To evaluate the efficacy and safety of restricted fluid therapy as compared to standard fluid therapy in decreasing the duration of oxygen administration and the need for noninvasive or invasive ventilation among neonates with TTN.
We used the standard search strategy of Cochrane Neonatal to search the Cochrane Central Register of Controlled Trials (CENTRAL; 2019, Issue 12), in the Cochrane Library; Ovid MEDLINE and electronic ahead of print publications, in-process & other non-indexed citations, Daily and Versions(R); and the Cumulative Index to Nursing and Allied Health Literature (CINAHL), on December 6, 2019. We also searched clinical trial databases and the reference lists of retrieved articles for randomized controlled trials and quasi-randomized trials.
We included randomized controlled trials (RCTs), quasi-RCTs, and cluster trials on fluid restriction in term and preterm neonates with the diagnosis of TTN or delayed adaptation during the first week after birth.

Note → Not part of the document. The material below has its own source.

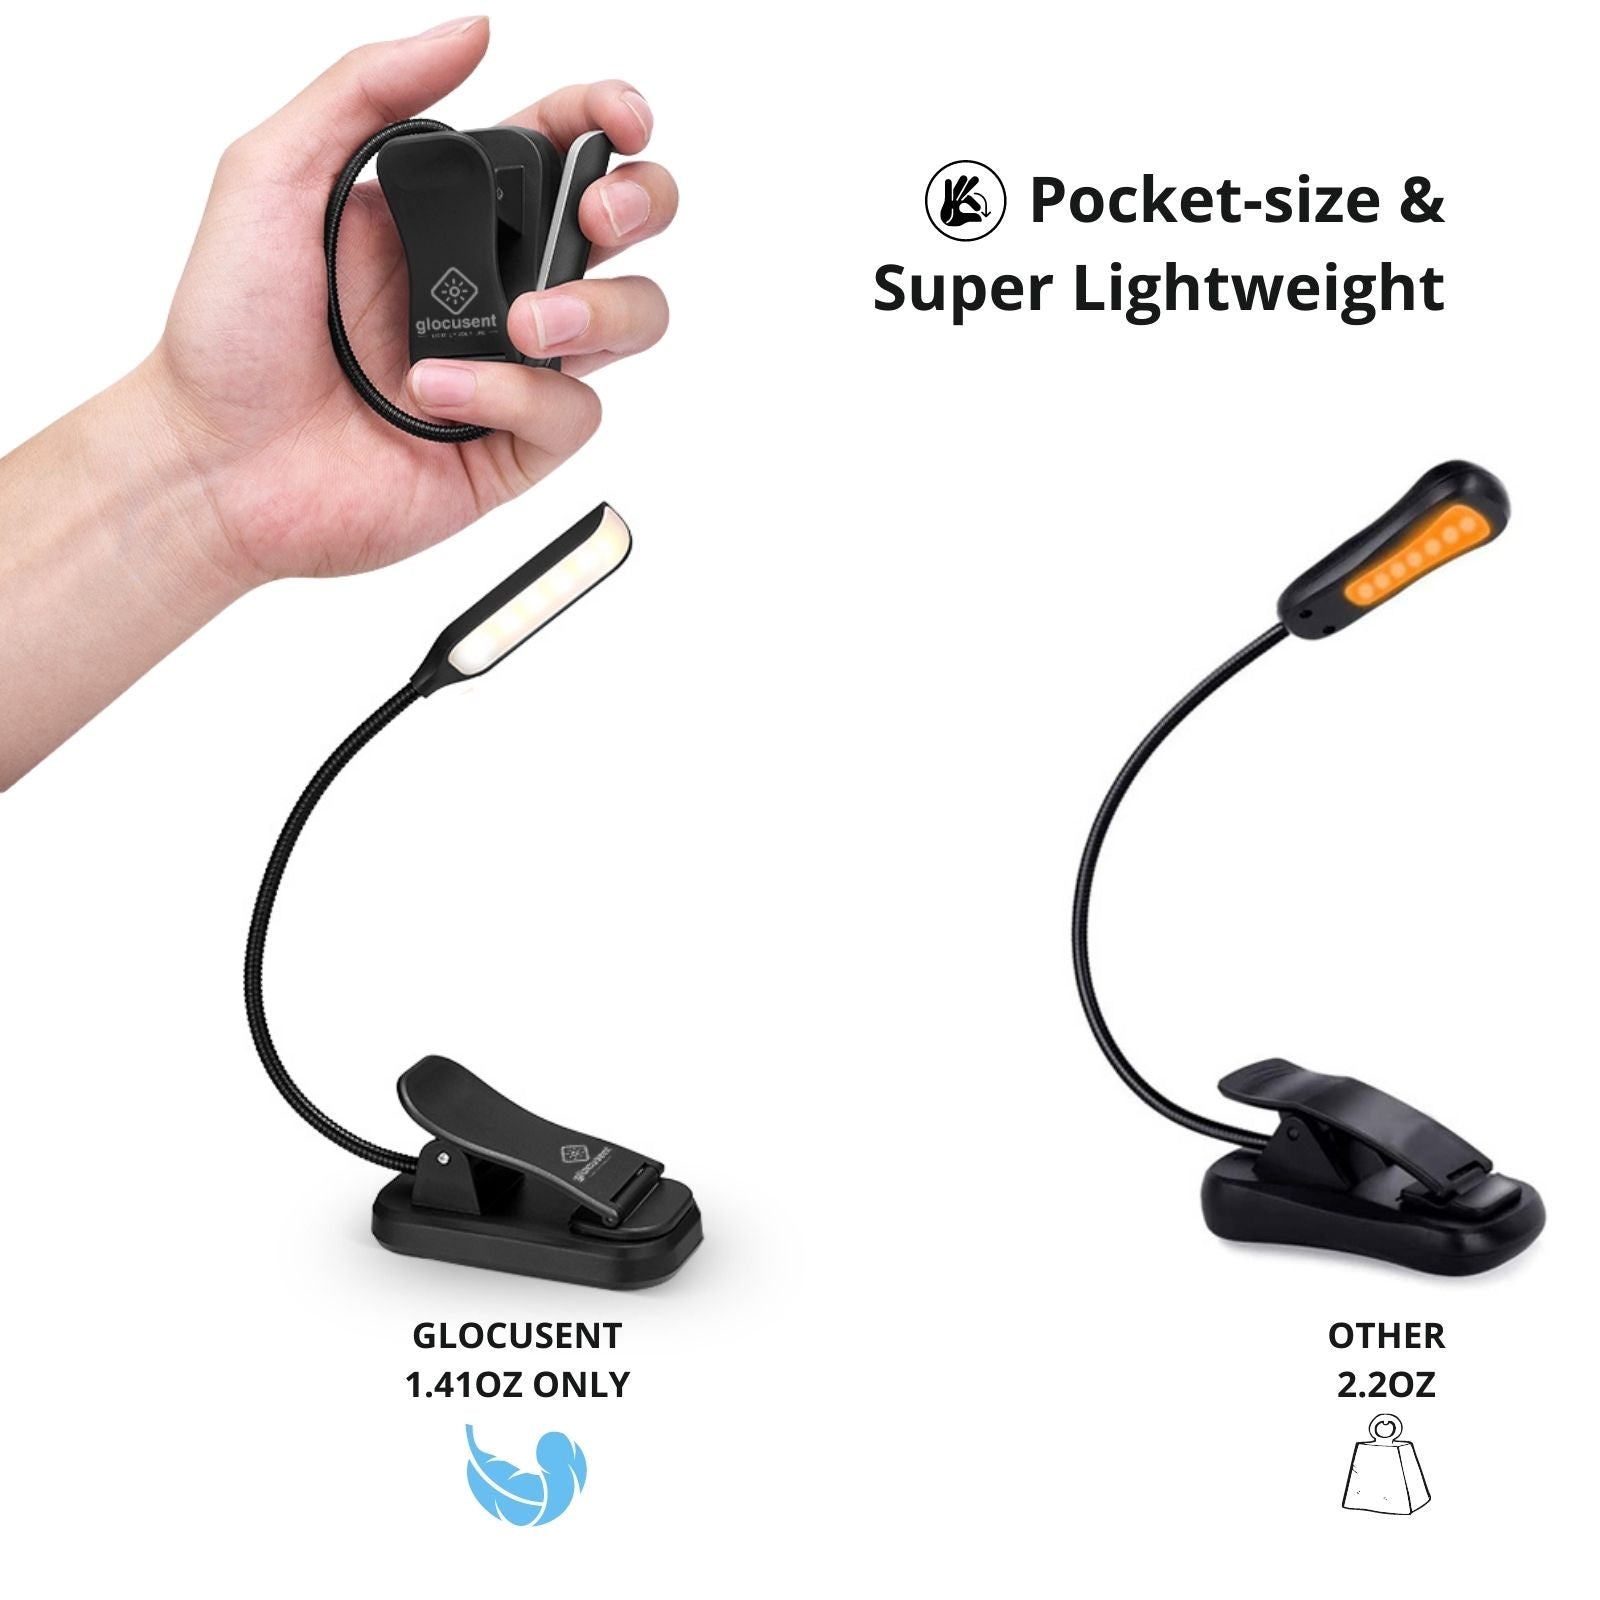 the best pocket-size light for reading in bed

For each of the included trials, two review authors independently extracted data (e.g. number of participants, birth weight, gestational age, duration of oxygen therapy, need for continuous positive airway pressure [CPAP], need for mechanical ventilation, duration of mechanical ventilation) and assessed the risk of bias (e.g. adequacy of randomization, blinding, completeness of follow-up). The primary outcome considered in this review was the duration of supplemental oxygen therapy in hours or days. We used the GRADE approach to assess the certainty of evidence.
Four trials enrolling 317 infants met the inclusion criteria. Three trials enrolled late preterm and term infants with TTN, and the fourth trial enrolled only term infants with TTN. Infants were on various methods of respiratory support at the time of enrollment including room air, oxygen, or nasal CPAP. Infants in the fluid-restricted group received 15 to 20 mL/kg/d less fluid than those in the control group for varying durations after enrollment. Two studies had high risk of selection bias, and three out of four had high risk of performance bias. Only one study had low risk of detection bias, with two at high risk and one at unclear risk.
The certainty of evidence for all outcomes was very low due to imprecision of estimates and unclear risk of bias. Two trials reported the primary duration of supplemental oxygen therapy. We are uncertain whether fluid restriction decreases or increases the duration of supplemental oxygen therapy (mean difference [MD] -12.95 hours, 95% confidence interval [CI] -32.82 to 6.92; I² = 98%; 172 infants). Similarly, there is uncertainty for various secondary outcomes including incidence of hypernatremia (serum sodium > 145 mEq/L, risk ratio [RR] 4.0, 95% CI 0.46 to 34.54; test of heterogeneity not applicable; 1 trial, 100 infants), hypoglycemia (blood glucose < 40 mg/dL, RR 1.0, 95% CI 0.15 to 6.82; test of heterogeneity not applicable; 2 trials, 164 infants), endotracheal ventilation (RR 0.73, 95% CI 0.24 to 2.23; I² = 0%; 3 trials, 242 infants), need for noninvasive ventilation (RR 0.40, 95% CI 0.14 to 1.17; test of heterogeneity not applicable; 2 trials, 150 infants), length of hospital stay (MD -0.92 days, 95% CI -1.53 to -0.31; test of heterogeneity not applicable; 1 trial, 80 infants), and cumulative weight loss at 72 hours of age (%) (MD 0.24, 95% CI -1.60 to 2.08; I² = 89%; 2 trials, 156 infants). We did not identify any ongoing trials; however, one trial is awaiting classification.